Other uncanny things
I didn’t actually test out Descript’s Eye Contact feature myself. Not because I was too freaked out by the idea of my eyeballs being deepfaked into obedience (which I actually kind of am), but because it’s locked behind the paywall of a fancy Creator plan. I was merely a humble free-tier wanderer in this experiment, tinkering with the scraps available to us peasants. But I just watched other brave souls on YouTube demo it, and yeah, it’s kinda weird. Sorry I lied to you earlier in the video when I said I’d try it myself; turns out I’m not ready to spend money to see my myself turn into an AI demon.
I also wasn’t able to personally test out Overdub, Descript’s sci-fi-level voice cloning feature, since that too lives behind the paywall. But in theory, and from watching plenty of demos on youtube, it’s pretty impressive. The idea is that Descript learns your voice, and then when you mess up a line, you can literally type the correction, and the AI version of you says it out loud like nothing ever happened, is really something.
And as stated earlier, you can do many of the other bells and whistles a lot of other tools offers such as captions, greenscreen, stock images, etc. Not very excited, but they’re there if you decide to become a “premiere be damned!” Descript disciple.
LIMITATIONS
Feature overload: There’s a ton going on here. Too much. Between editing, dubbing, captions, effects, and publishing, the interface can feel like a cluttered command center. Great power, but chaotic energy.
Not emotion-aware editing: Text-based editing is great until you realize it doesn’t know when to pause for laughter, emphasis, or sarcasm. You’ll still have to finesse it in the timeline.
Free tier restrictions: The free plan gives you a taste, but most of the real fun (like Eye Contact and Overdub) lives behind the paywall. You’ll run out of credits or hit “upgrade” prompts pretty fast. A bunch of the most advanced features also don’t work in the web version, so you’ll need to download the desktop app to do any real experimenting.
Occasional bugginess: Even when you do get rolling, playback hiccups, lag, and sync quirks pop up, especially with video-heavy projects. It’s powerful software, just not always graceful.
OVERALL
Descript is… a lot. Like, a lot. Like, too much It’s trying to be the one-stop shop for all of post-production — podcasting, video editing, dubbing, captions, AI magic, you name it — and while that ambition is admirable, it’s also overwhelming. The interface feels overstuffed, like someone crammed every creative tool imaginable into one giant suitcase and told you to “just start editing.” It’s not the easiest thing to navigate, and the UI can be straight-up intimidating if you’re new to it.

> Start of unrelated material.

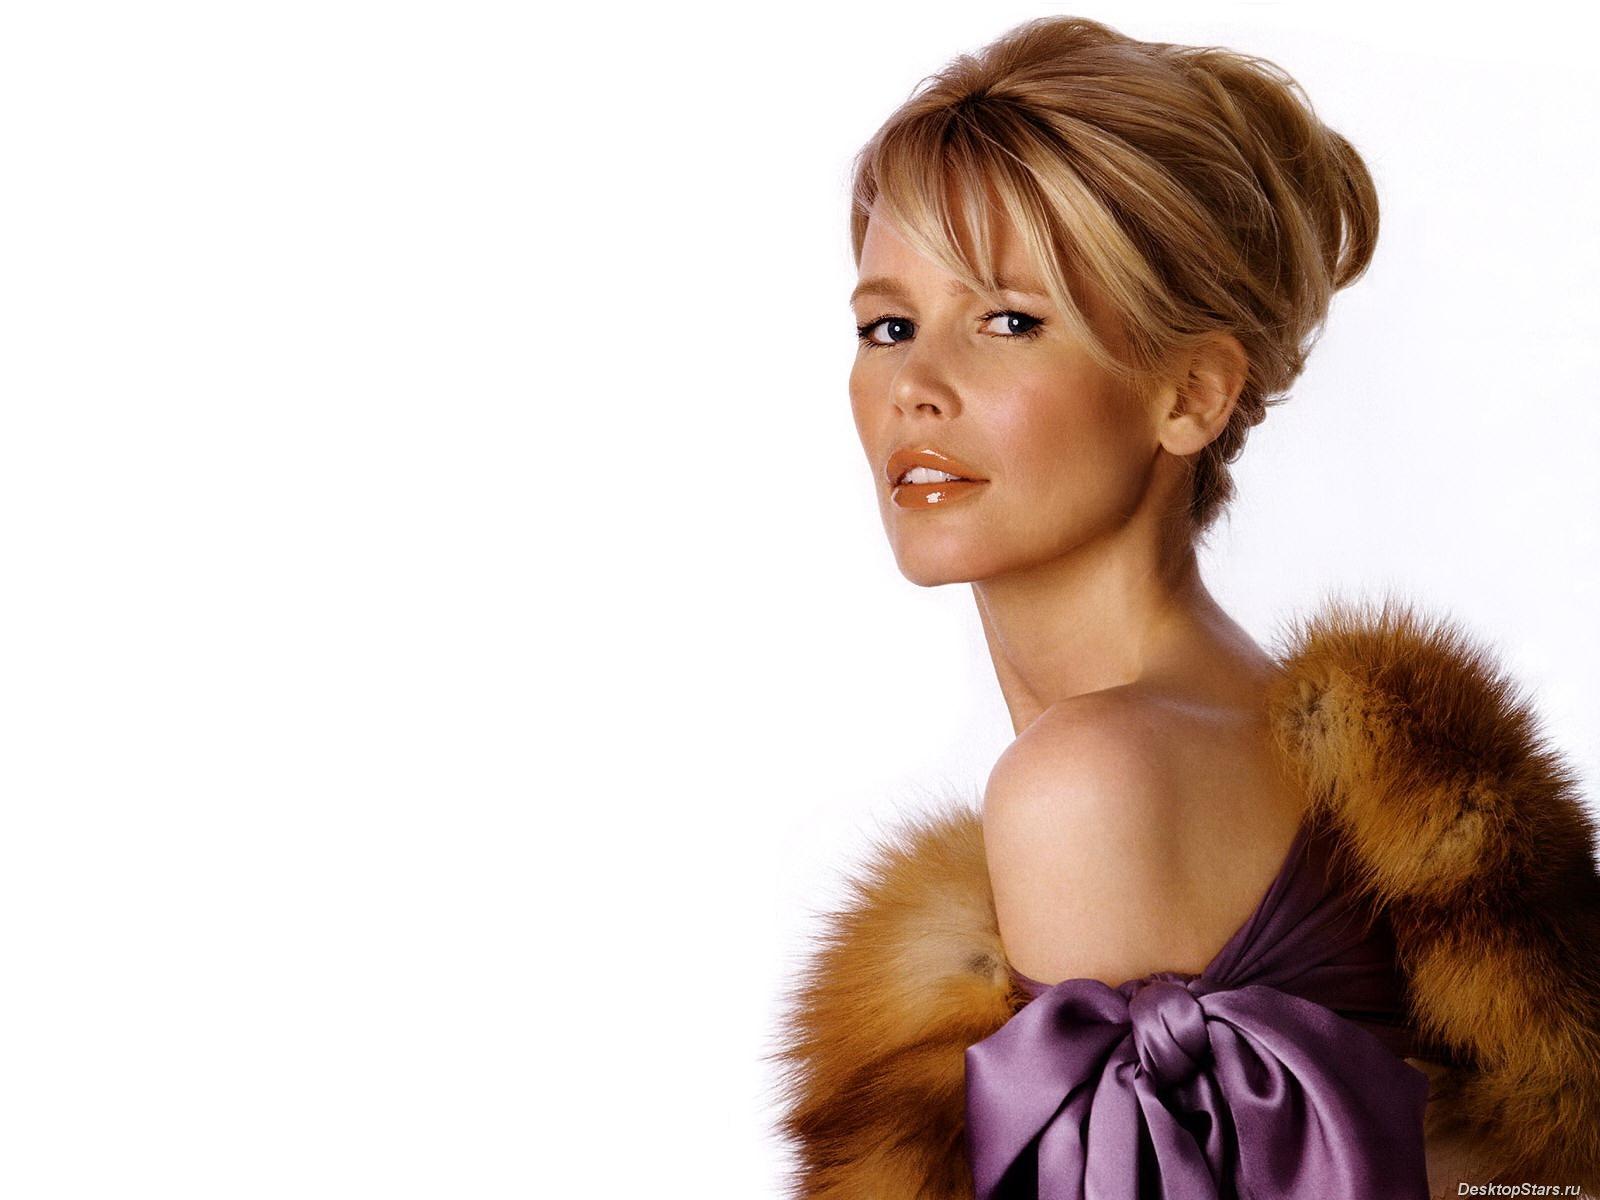 Claudia Schiffer hermoso fondo de pantalla  4 - 1600x1200 Fondos de ... 93eee754cbe4

That said, once you find your footing, it’s an absolute no-brainer for podcasts and audio editing. The text-based editing alone is game-changing, and I’d honestly be shocked if most podcasters aren’t already using this. It’s also genuinely helpful for long-form interviews, with the ability to search keywords in the transcript to find sound bites being a massive time saver, and the filler word removal tool is a gift to anyone who’s ever had to edit a 90-minute conversation.
Long story short: there’s way more going on here than I could possibly test in one go, and I’ll definitely be keeping an eye on how it evolves.